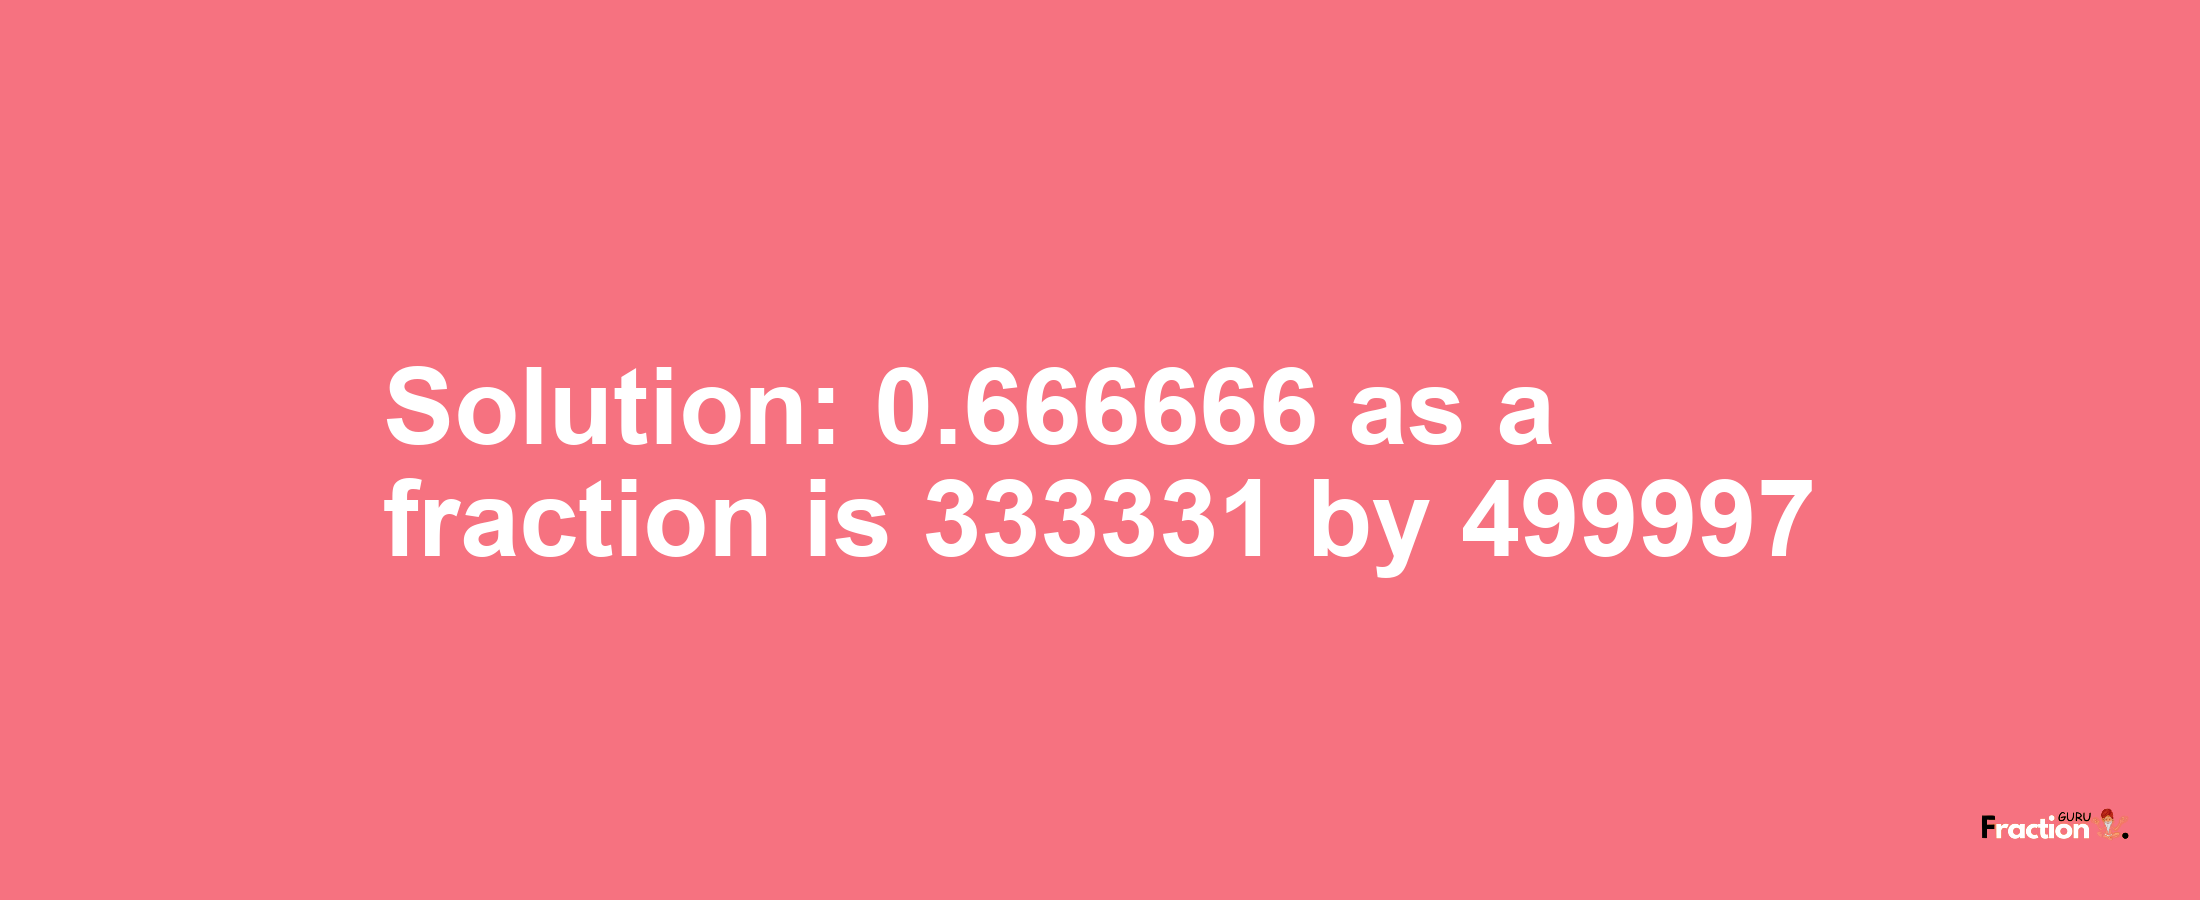 Solution:0.666666 as a fraction is 333331/499997
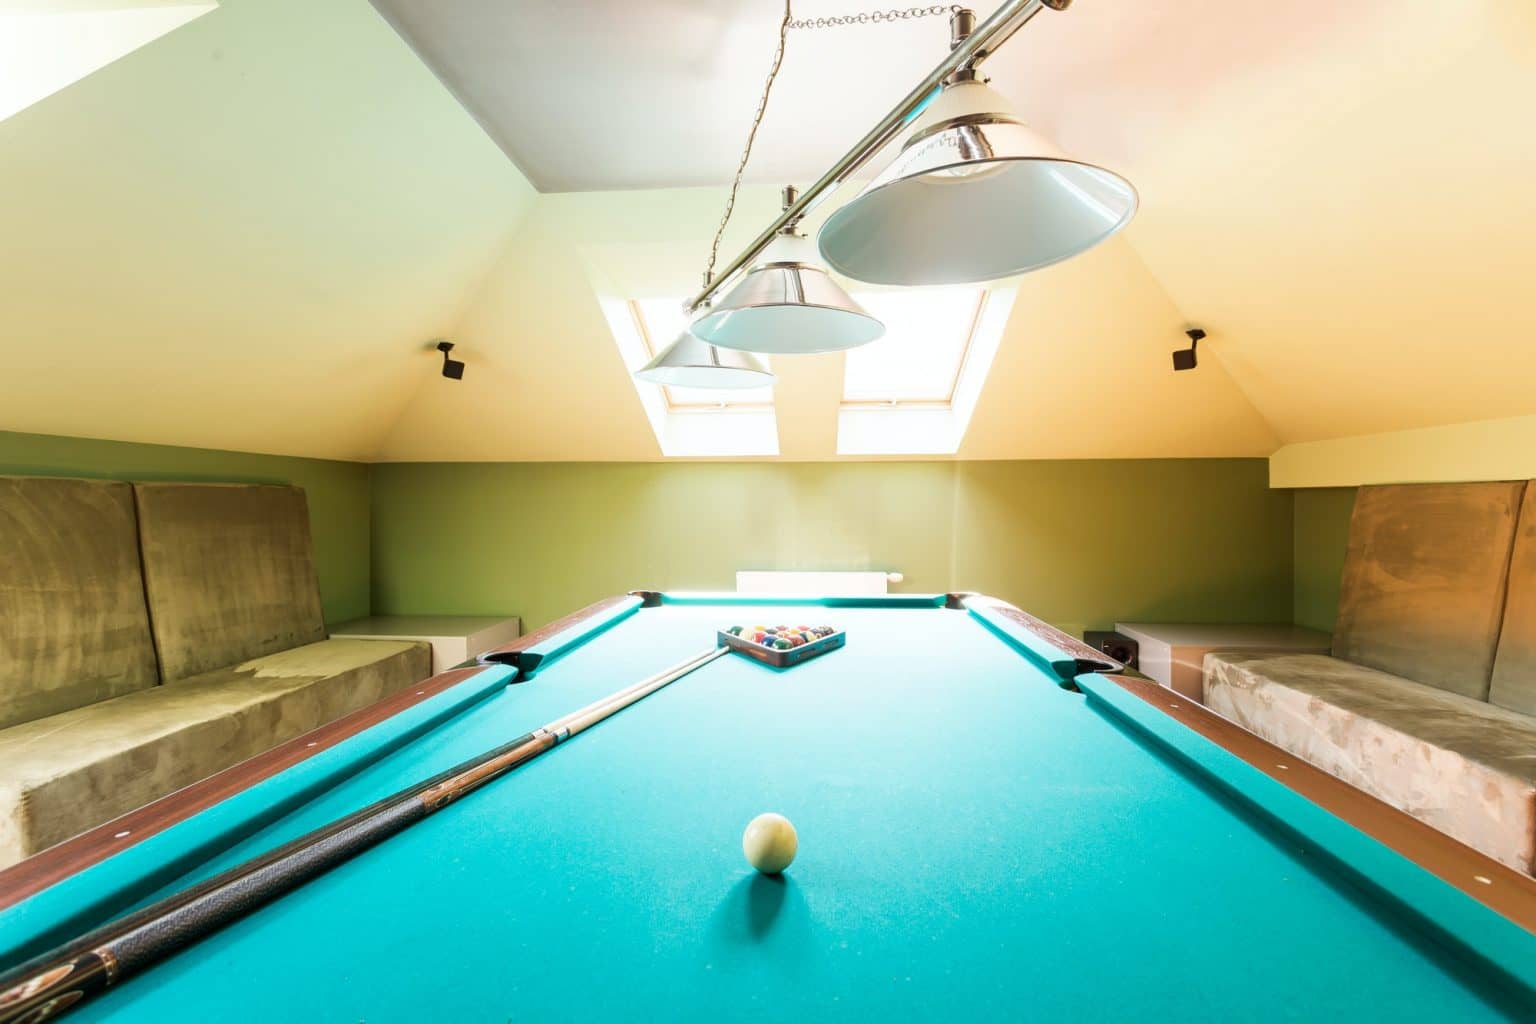 Entertainment attic room with a pool table in Newhall
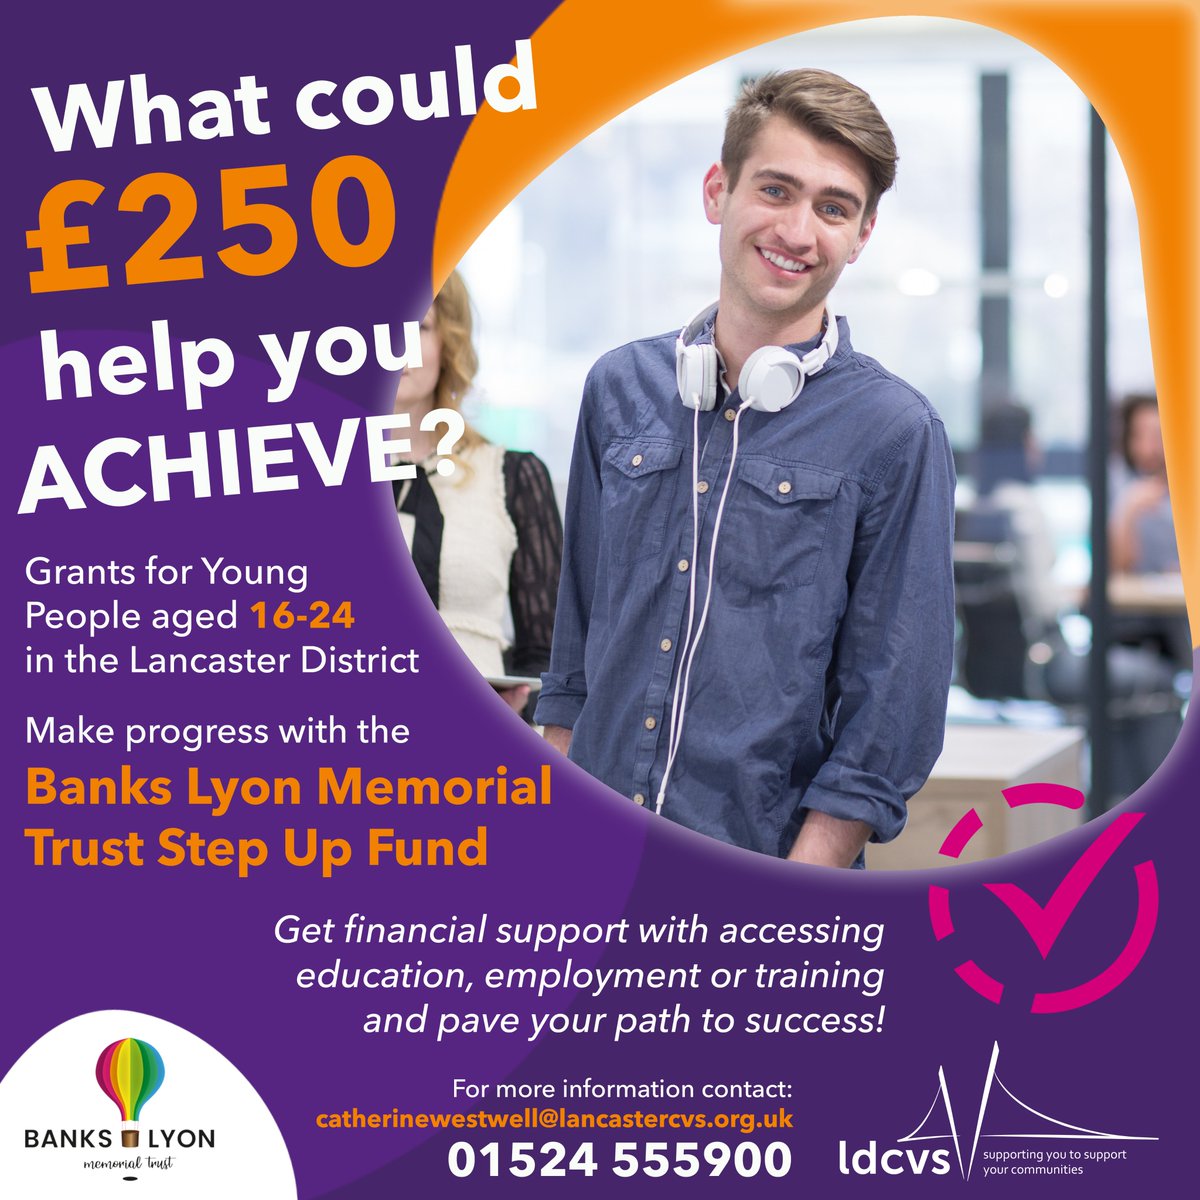 Aged 16-24 living in the #LancasterDistrict? Facing education, training, or employment challenges? Grants up to £250 from @BLMemorialTrust #StepUpFund available for courses, equipment, or essentials. Pave your path to success! 🌟🎓🚀Contact catherinewestwell@lancastercvs.org.uk

---+---

> [Problem]
Drop the images; restate the listing exactly.

> [Reply to the task]
 Solution:0.666666 as a fraction is 333331/499997
 Entertainment attic room with a pool table in Newhall
 Aged 16-24 living in the #LancasterDistrict? Facing education, training, or employment challenges? Grants up to £250 from @BLMemorialTrust #StepUpFund available for courses, equipment, or essentials. Pave your path to success! 🌟🎓🚀Contact catherinewestwell@lancastercvs.org.uk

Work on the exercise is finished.